**INFORMATION SHOWN**.
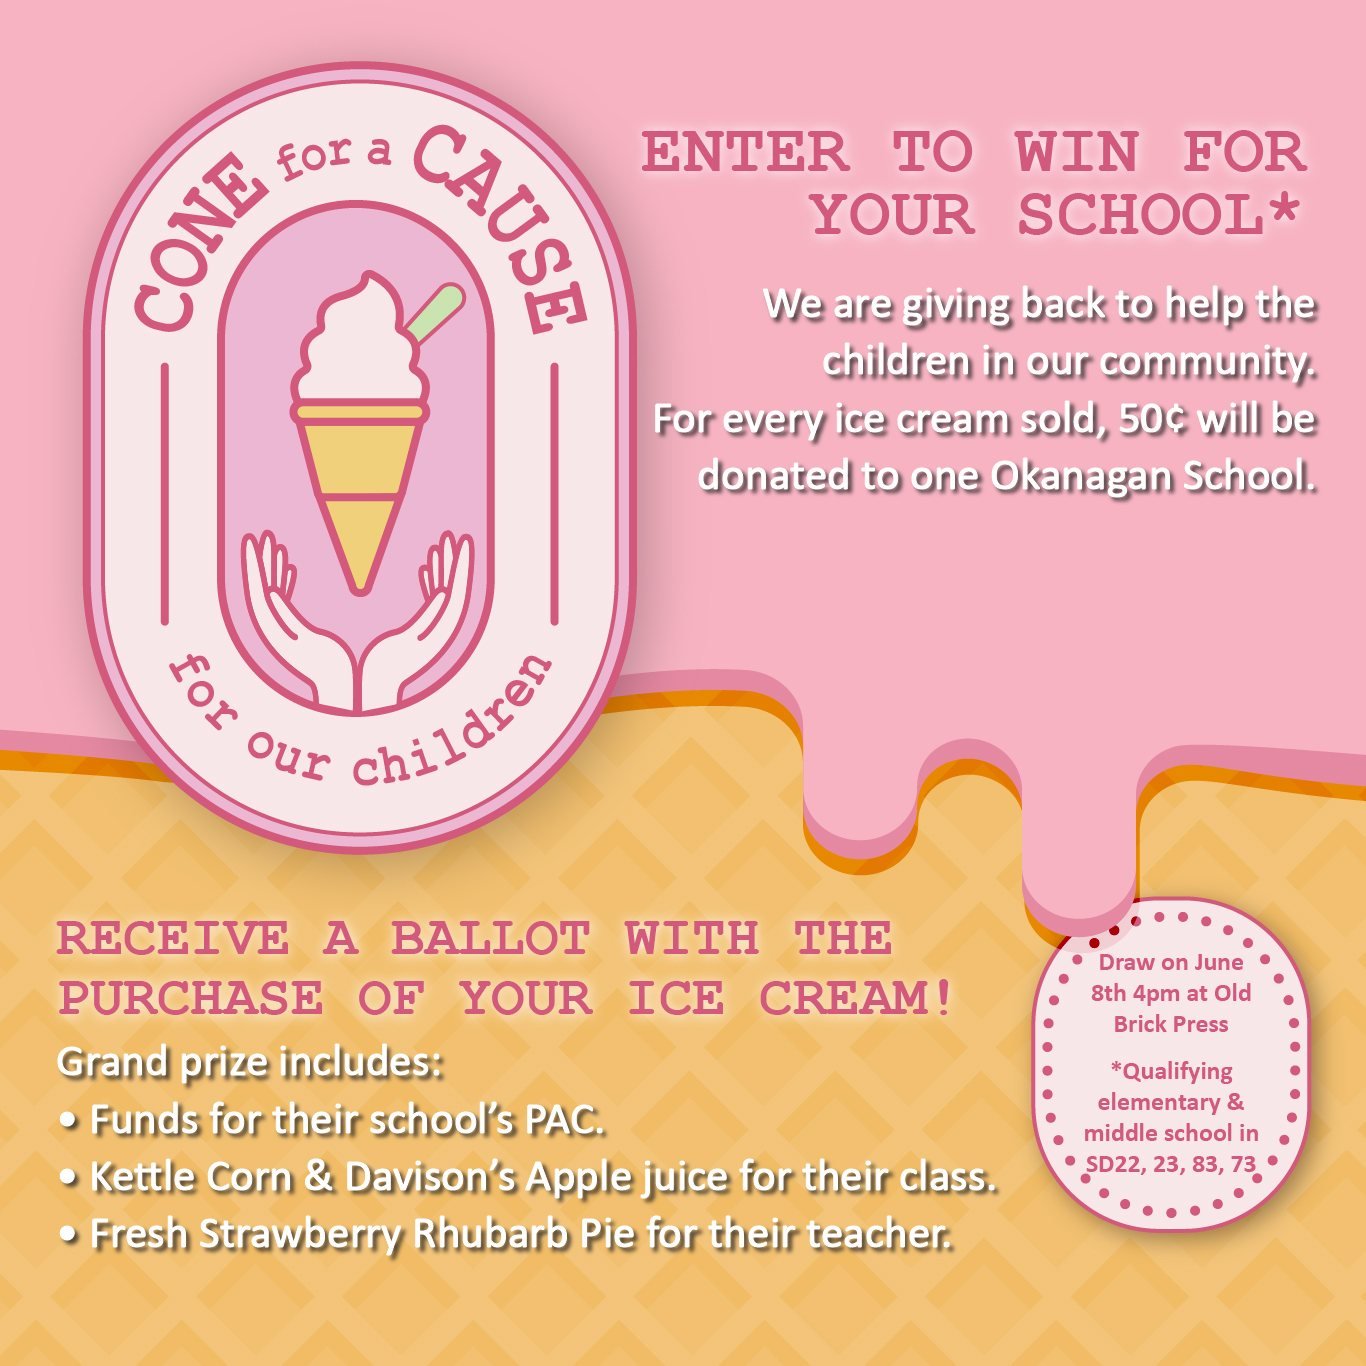 Just like last year, we are launching again the Cone for a Cause Program. 

From every Real Fruit ice-cream cone purchased we donate $0.50 to a school in our region. The school will be selected by a draw on June 8th at 4pm.

If you want your child's

**REQUIRED ACTION**. Return the whole listing word for word. Pictures stay out of it.

**PROBLEM SOLUTION**.
 Just like last year, we are launching again the Cone for a Cause Program. 

From every Real Fruit ice-cream cone purchased we donate $0.50 to a school in our region. The school will be selected by a draw on June 8th at 4pm.

If you want your child's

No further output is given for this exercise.